A Autoridade da Concorrência (AdC) deu luz verde à operação de concentração entre a Serraleite e a Jerónimo Martins. O grupo que detém os supermercados Pingo Doce vai comprar a fábrica de transformação de leite e de produção de derivados desta cooperativa de produtores de Portalegre, num negócio que passa, para já, pelo trespasse destes activos.

Em comunicado, a AdC diz que o negócio “não é susceptível de criar entraves significativos à concorrência efectiva nos mercados da aquisição de leite cru, em Portugal Continental, cuja exacta definição é deixada em aberto, da produção e comercialização de leite UHT, cuja exacta delimitação geográfica é deixada em aberto, e da produção e comercialização de natas, cuja exacta delimitação geográfica é também deixada em aberto”.

Os principais operadores da grande distribuição têm investido cada vez mais na área da produção, criando clubes e organizando fornecedores que têm de cumprir regras específicas. A Jerónimo Martins há muito que tem planos para investir directamente na agricultura e, em 2009, fez um acordo com a Serraleite para reforçar a produção. A cooperativa é um dos principais fornecedores da cadeia de supermercados Pingo Doce e, na altura, Pedro Soares do Santos, presidente executivo, admitiu que a sua visão para o projecto conjunto era criar uma “Lactogal II”, empresa que detém a marca Mimosa e domina o mercado do leite. Mais tarde, em 2012, o grupo justificou a entrada neste sector “com a necessidade de proteger as fontes de abastecimento”.

Durante a apresentação dos resultados financeiros de 2014, há pouco mais de uma semana, Pedro Soares dos Santos voltou a frisar que a intenção da empresa é investir noutros negócios do sector agrícola, nomeadamente no peixe e na carne.

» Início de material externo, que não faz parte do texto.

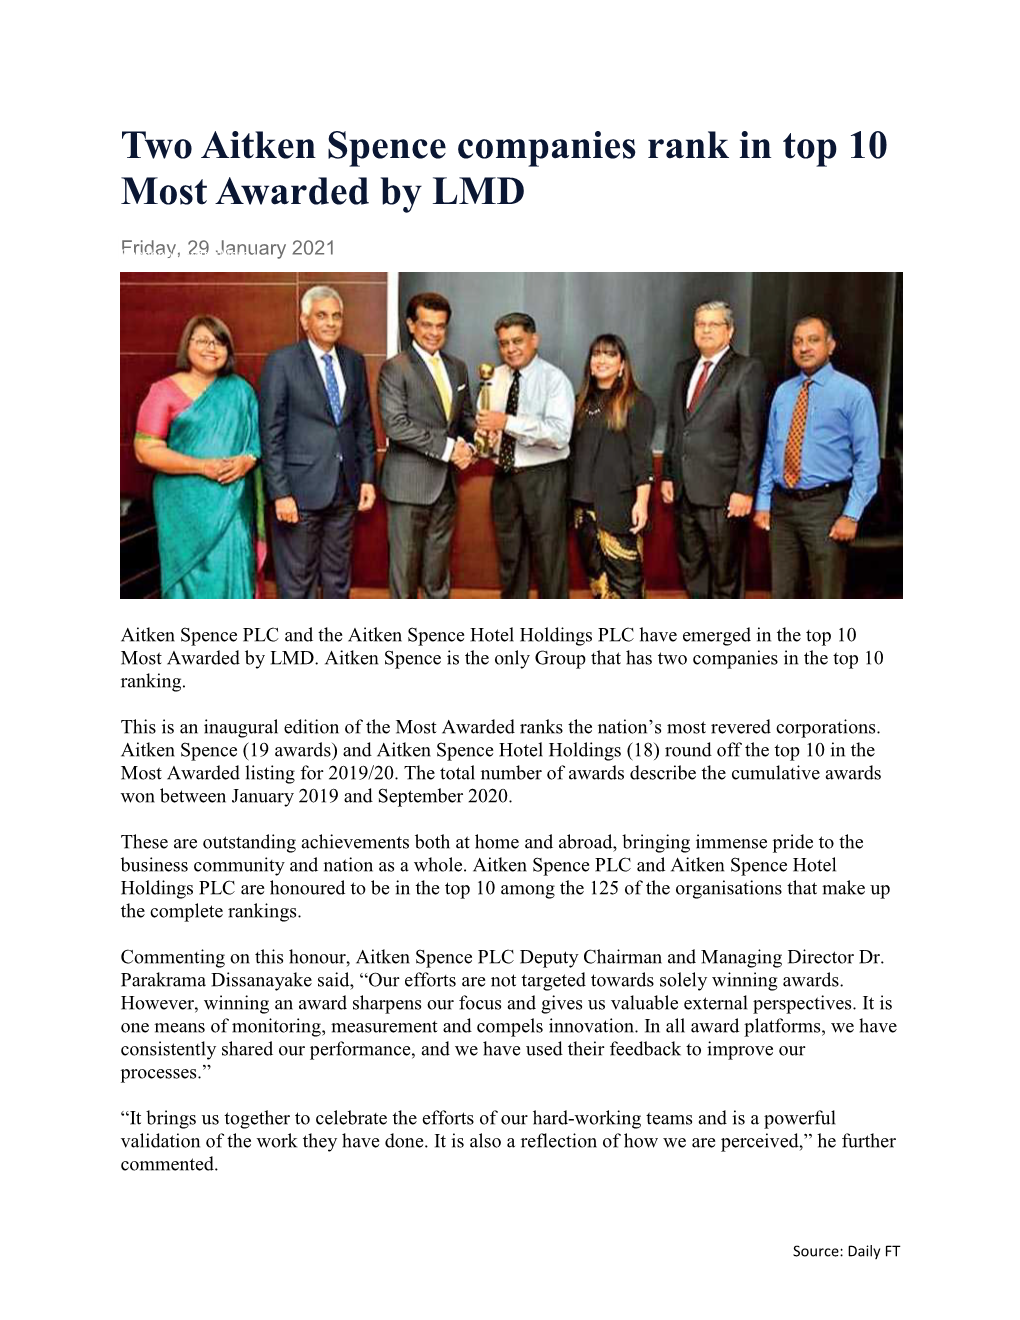 Two Aitken Spence Companies Rank in Top 10 Most Awarded by LMD

A Jerónimo Martins Agroalimentar é uma sub-holding e “tem de crescer”. “Não foi criada para uma fábrica de leite”, disse, não querendo avançar mais detalhes sobre novos investimentos. “Tenho muita coisa em vista, mas fica só para mim”, acrescentou.

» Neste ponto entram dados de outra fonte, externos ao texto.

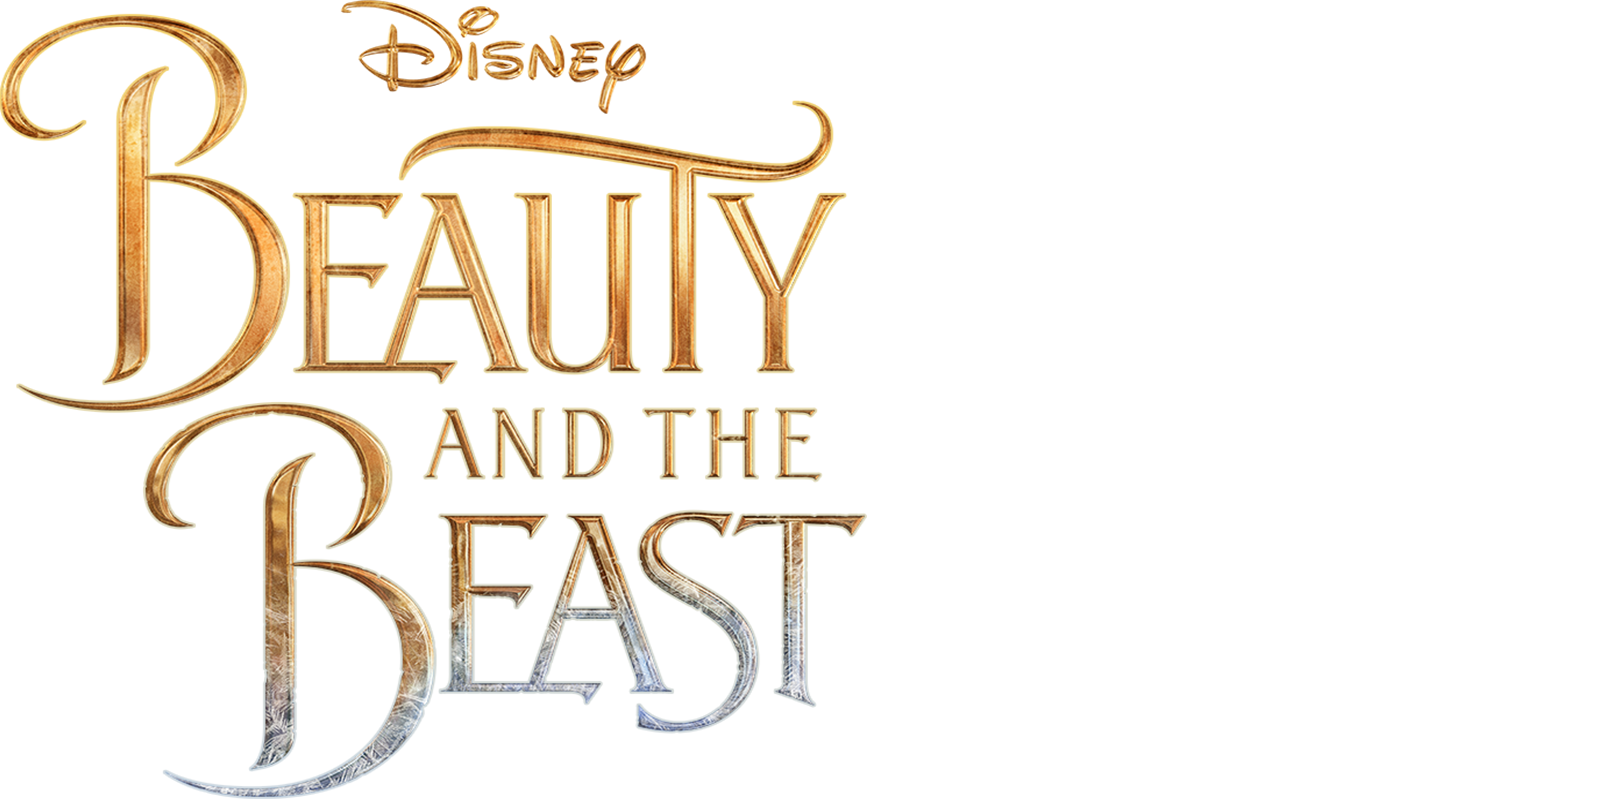 beauty and the beast 2017 full movie hd

A compra por trespasse da fábrica da Serraleite (que inclui os seus trabalhadores) permite à Jerónimo Martins gerir a operação de transformação de leite até a nova fábrica estar pronta, o que deverá acontecer no primeiro trimestre de 2017. O grupo vai investir 40 milhões de euros no aumento da capacidade produtiva de leite UHT, manteiga e natas e garante que “o escoamento da produção leiteira dos actuais associados da cooperativa estará assegurado”. A Serraleite também vai ter uma participação no capital da Jerónimo Martins Lacticínios.

A cooperativa recolhe anualmente 20 milhões de litros na região do Alentejo, o que equivale a 1% do total da recolha nacional.